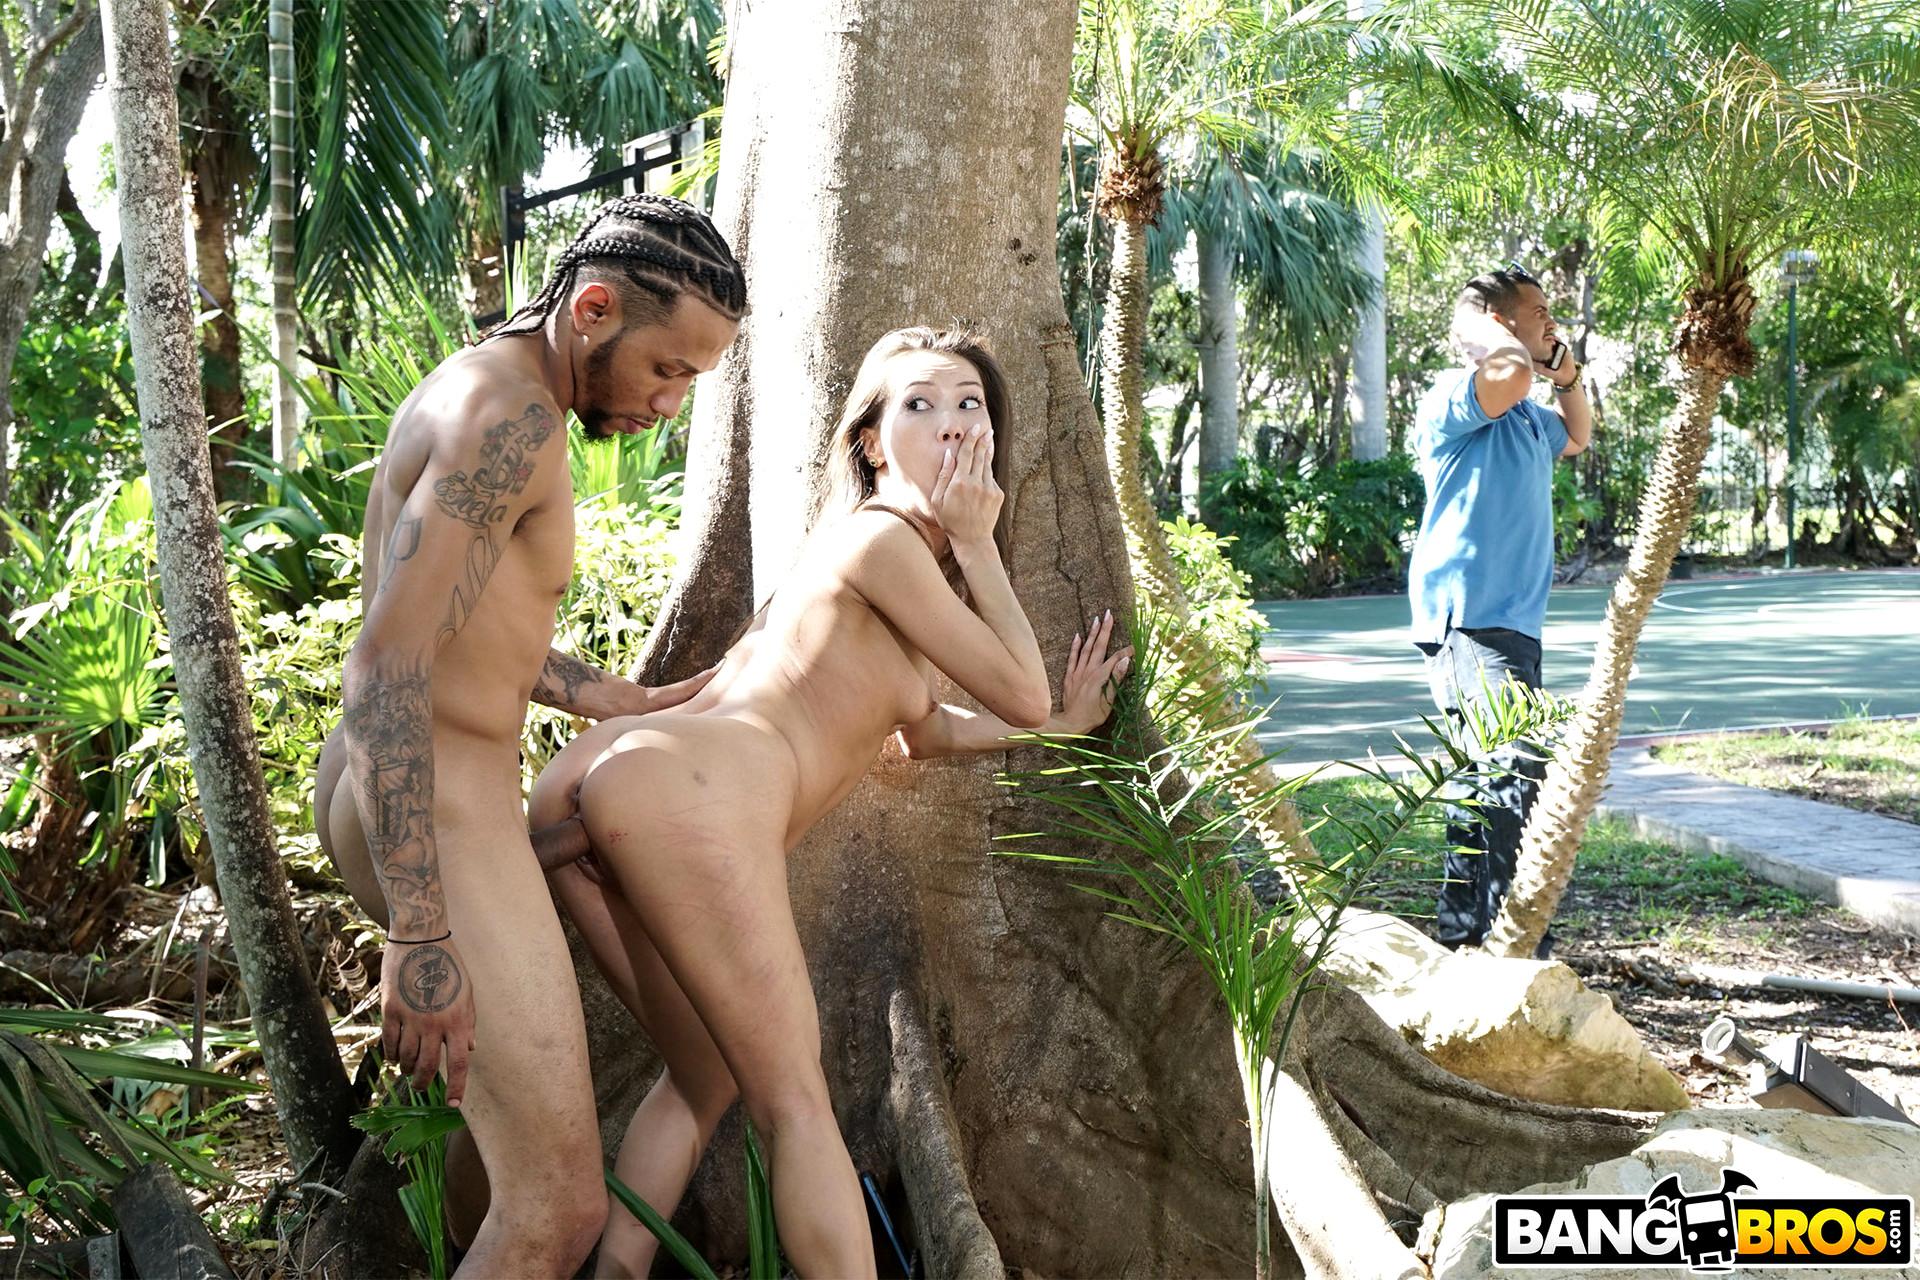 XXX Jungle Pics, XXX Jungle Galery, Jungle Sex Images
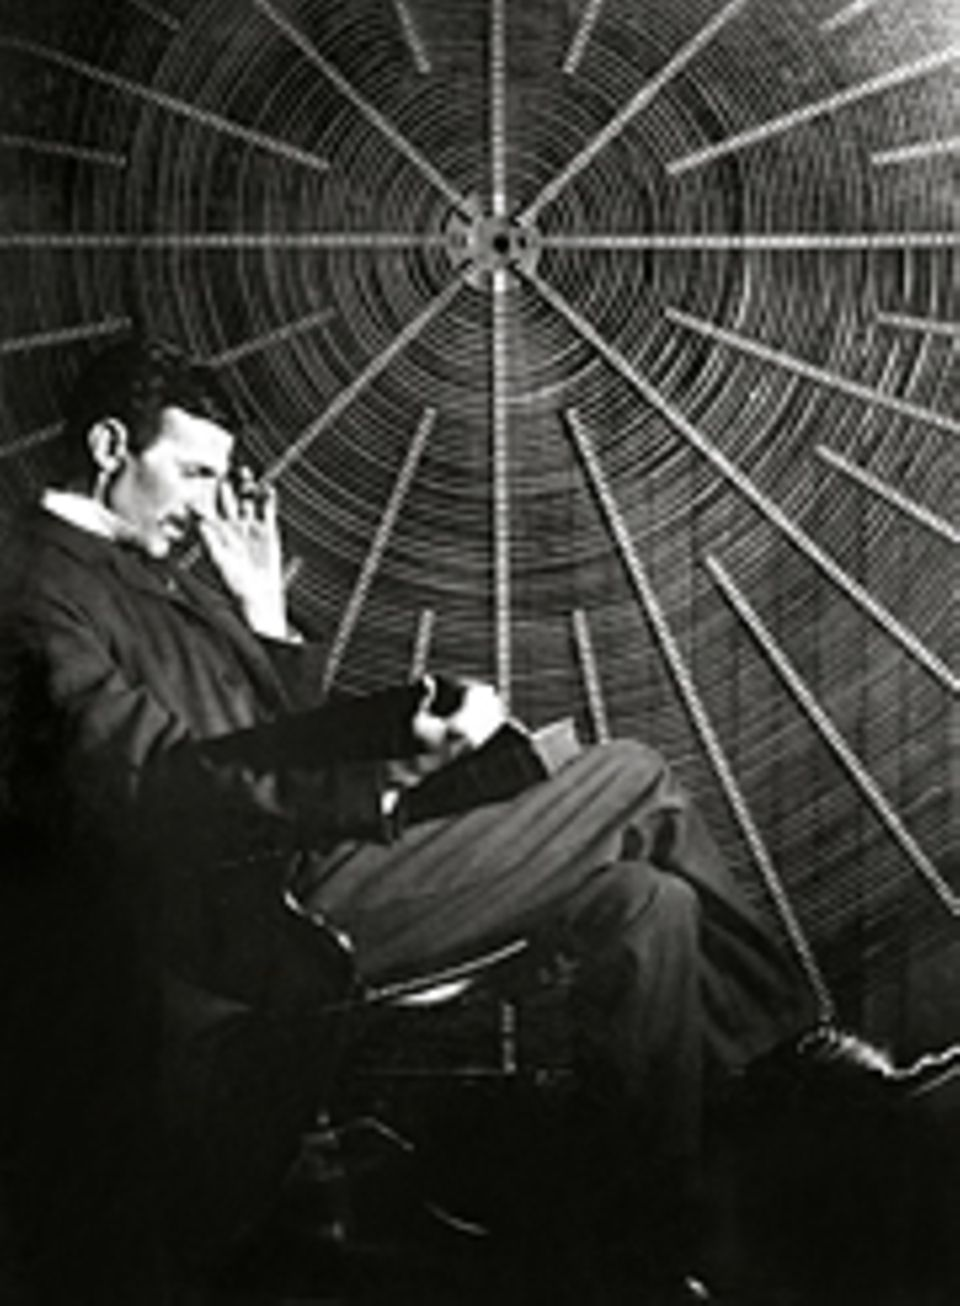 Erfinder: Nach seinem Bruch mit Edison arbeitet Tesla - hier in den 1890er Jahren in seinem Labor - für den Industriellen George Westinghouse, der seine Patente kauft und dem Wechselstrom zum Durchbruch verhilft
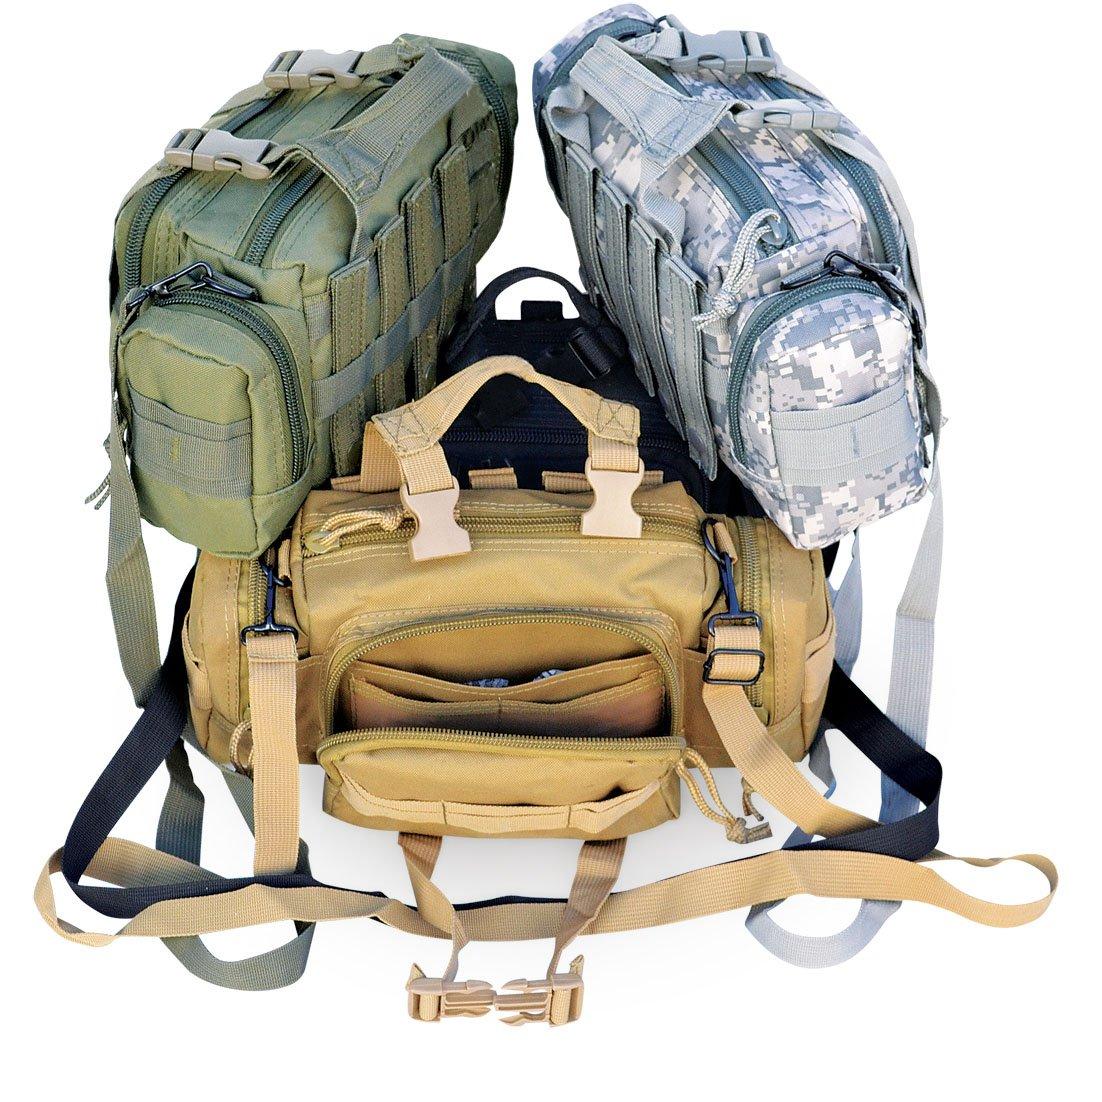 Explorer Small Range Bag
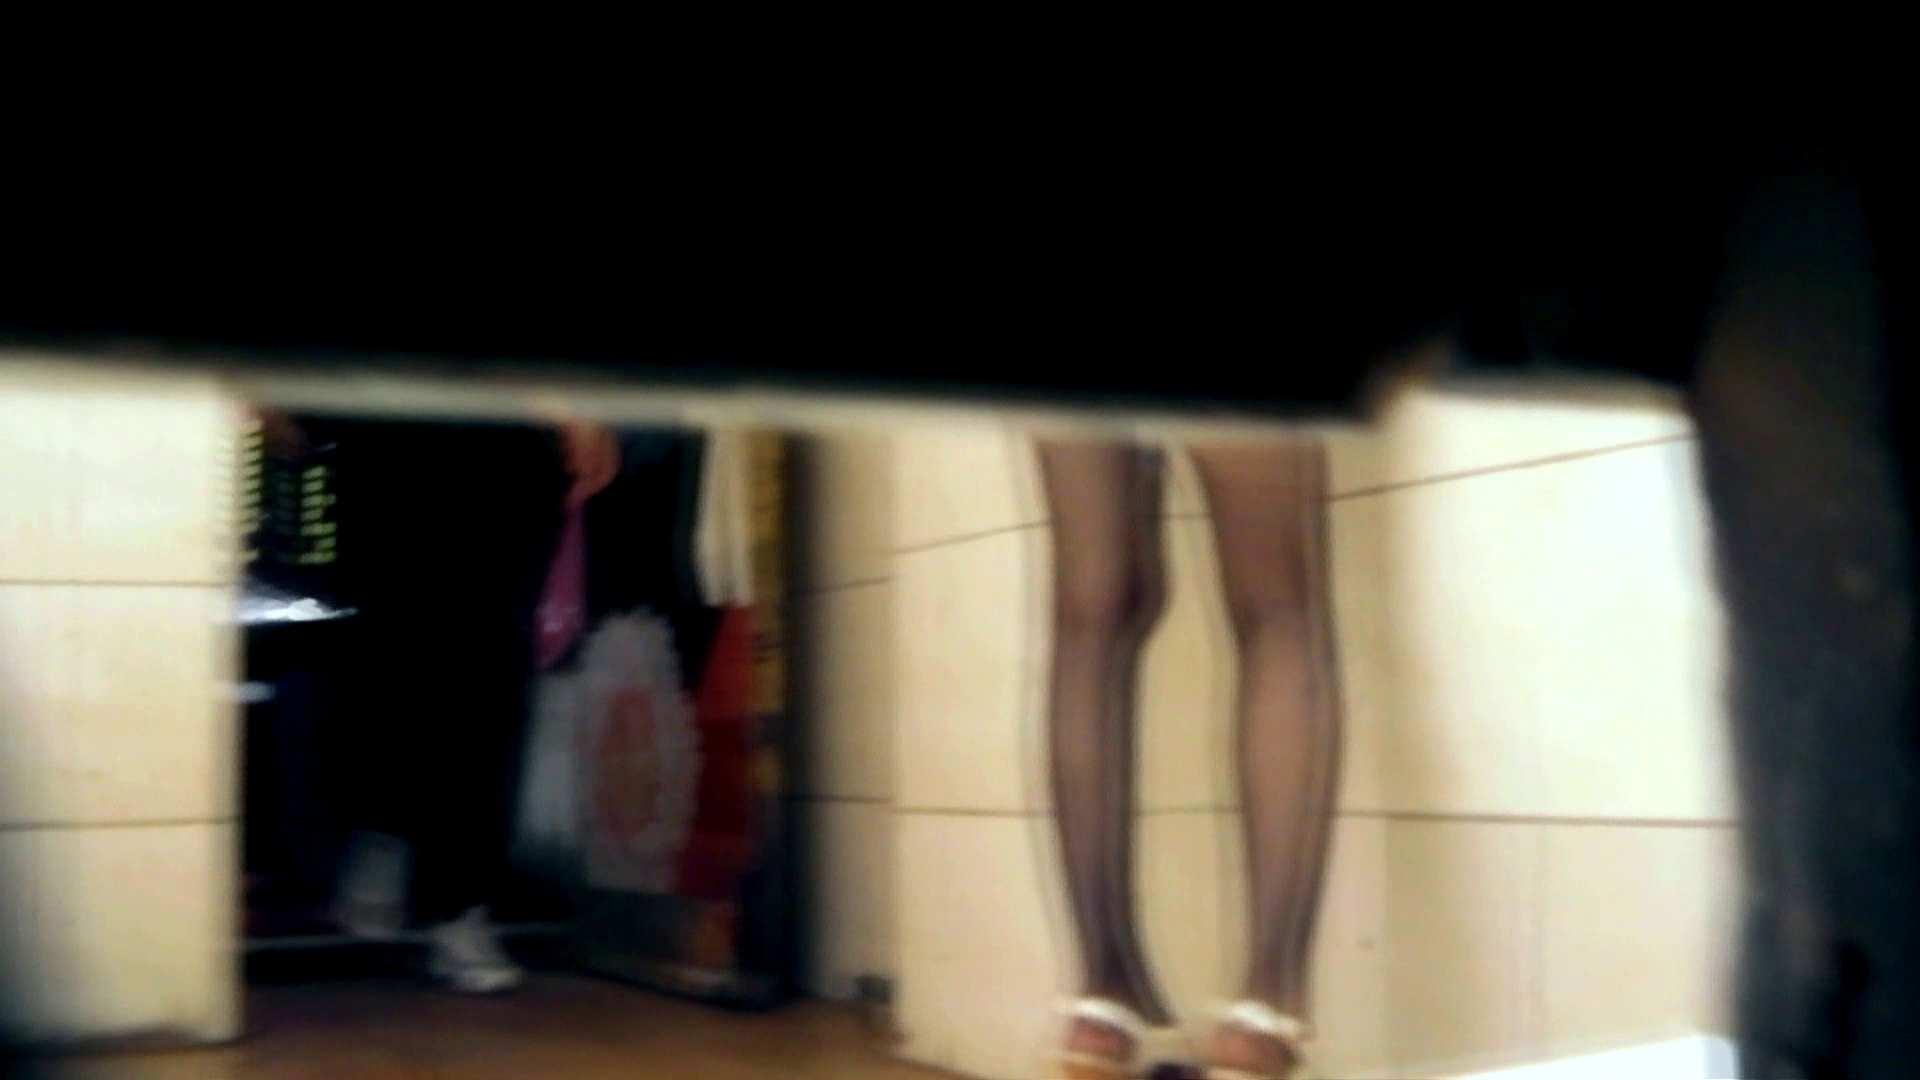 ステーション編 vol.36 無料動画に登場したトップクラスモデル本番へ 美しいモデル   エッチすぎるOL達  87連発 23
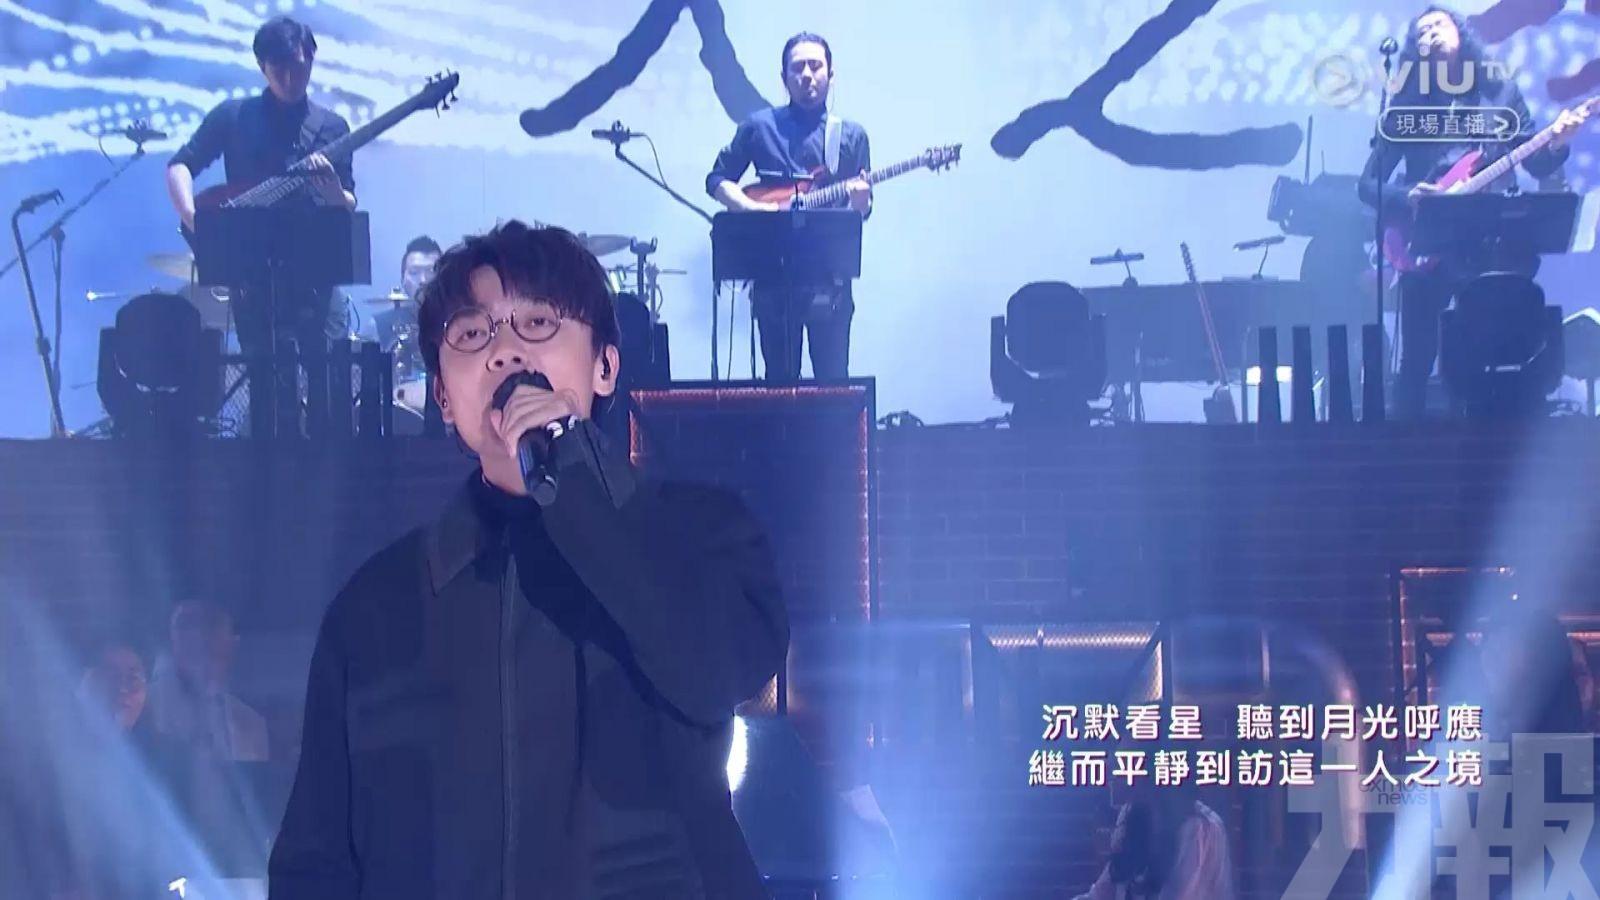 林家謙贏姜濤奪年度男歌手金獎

----------

Work item. Leave every picture out and write out exactly the lines from the line with "Explorer Small Range Bag" through the last line of the material.

Completed task.
 Explorer Small Range Bag
 ステーション編 vol.36 無料動画に登場したトップクラスモデル本番へ 美しいモデル   エッチすぎるOL達  87連発 23
 林家謙贏姜濤奪年度男歌手金獎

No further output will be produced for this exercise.